* _TASK REQUIREMENTS_:
List the lines of this listing that hold the word "Shirt".

*** AVAILABLE RECORDS Section Begins ***

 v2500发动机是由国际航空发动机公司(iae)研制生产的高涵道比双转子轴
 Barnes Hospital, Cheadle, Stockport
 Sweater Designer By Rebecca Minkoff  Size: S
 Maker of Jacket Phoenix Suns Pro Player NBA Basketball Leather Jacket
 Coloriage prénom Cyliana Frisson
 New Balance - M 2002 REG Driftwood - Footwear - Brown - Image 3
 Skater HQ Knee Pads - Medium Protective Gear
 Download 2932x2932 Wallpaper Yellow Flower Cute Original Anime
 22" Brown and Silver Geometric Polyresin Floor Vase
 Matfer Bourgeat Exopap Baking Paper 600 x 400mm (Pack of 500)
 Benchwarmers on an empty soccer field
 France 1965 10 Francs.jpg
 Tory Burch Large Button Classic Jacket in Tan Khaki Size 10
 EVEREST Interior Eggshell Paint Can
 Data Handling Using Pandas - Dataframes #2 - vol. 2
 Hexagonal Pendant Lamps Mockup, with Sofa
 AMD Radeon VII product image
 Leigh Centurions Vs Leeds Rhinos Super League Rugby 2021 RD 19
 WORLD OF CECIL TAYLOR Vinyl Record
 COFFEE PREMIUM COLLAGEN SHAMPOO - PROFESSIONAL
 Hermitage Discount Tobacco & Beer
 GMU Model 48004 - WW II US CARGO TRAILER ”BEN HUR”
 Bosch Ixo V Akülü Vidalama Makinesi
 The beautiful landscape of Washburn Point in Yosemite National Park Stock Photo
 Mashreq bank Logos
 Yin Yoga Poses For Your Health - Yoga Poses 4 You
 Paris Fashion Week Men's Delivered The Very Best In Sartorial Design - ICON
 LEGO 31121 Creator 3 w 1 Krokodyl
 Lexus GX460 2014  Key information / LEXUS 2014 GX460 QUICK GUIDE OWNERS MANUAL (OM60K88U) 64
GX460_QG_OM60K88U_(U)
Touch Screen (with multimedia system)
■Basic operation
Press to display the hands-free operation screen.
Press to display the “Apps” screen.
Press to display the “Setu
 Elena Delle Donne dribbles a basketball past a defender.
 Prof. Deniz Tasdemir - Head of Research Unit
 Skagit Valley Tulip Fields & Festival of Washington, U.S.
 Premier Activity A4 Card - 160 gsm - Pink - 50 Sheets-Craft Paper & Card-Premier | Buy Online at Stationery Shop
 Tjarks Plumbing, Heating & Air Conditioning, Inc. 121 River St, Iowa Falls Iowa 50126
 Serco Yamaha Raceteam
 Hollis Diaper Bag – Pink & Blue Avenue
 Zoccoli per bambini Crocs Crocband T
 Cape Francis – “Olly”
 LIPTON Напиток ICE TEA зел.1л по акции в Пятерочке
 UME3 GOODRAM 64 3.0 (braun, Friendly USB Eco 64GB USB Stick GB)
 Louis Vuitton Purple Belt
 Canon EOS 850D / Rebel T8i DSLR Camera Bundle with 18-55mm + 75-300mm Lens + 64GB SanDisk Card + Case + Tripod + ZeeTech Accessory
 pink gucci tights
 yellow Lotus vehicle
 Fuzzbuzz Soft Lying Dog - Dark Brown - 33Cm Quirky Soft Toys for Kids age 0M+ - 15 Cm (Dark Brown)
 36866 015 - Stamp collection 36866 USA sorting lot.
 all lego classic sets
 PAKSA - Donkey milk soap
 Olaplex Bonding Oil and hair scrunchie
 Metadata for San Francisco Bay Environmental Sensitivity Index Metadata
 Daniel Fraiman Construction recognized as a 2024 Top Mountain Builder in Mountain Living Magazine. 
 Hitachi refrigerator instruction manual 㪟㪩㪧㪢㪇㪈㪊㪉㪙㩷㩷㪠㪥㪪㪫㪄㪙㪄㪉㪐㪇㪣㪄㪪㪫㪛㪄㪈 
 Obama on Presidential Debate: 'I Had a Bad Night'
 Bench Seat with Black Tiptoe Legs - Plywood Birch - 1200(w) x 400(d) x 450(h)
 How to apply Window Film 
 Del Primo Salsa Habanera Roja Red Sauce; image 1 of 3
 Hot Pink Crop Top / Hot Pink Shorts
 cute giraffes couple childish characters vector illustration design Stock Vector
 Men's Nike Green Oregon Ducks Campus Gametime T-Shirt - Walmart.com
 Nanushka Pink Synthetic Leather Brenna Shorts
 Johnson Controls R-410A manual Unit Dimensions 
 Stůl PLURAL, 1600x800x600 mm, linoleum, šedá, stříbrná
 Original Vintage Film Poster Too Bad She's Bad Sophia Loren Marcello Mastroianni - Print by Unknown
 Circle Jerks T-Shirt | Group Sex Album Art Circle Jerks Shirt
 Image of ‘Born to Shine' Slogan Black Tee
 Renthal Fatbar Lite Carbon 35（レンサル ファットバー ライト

*** AVAILABLE RECORDS Section Ends ***

* _ANSWER SPACE_:
 Men's Nike Green Oregon Ducks Campus Gametime T-Shirt - Walmart.com
 Circle Jerks T-Shirt | Group Sex Album Art Circle Jerks Shirt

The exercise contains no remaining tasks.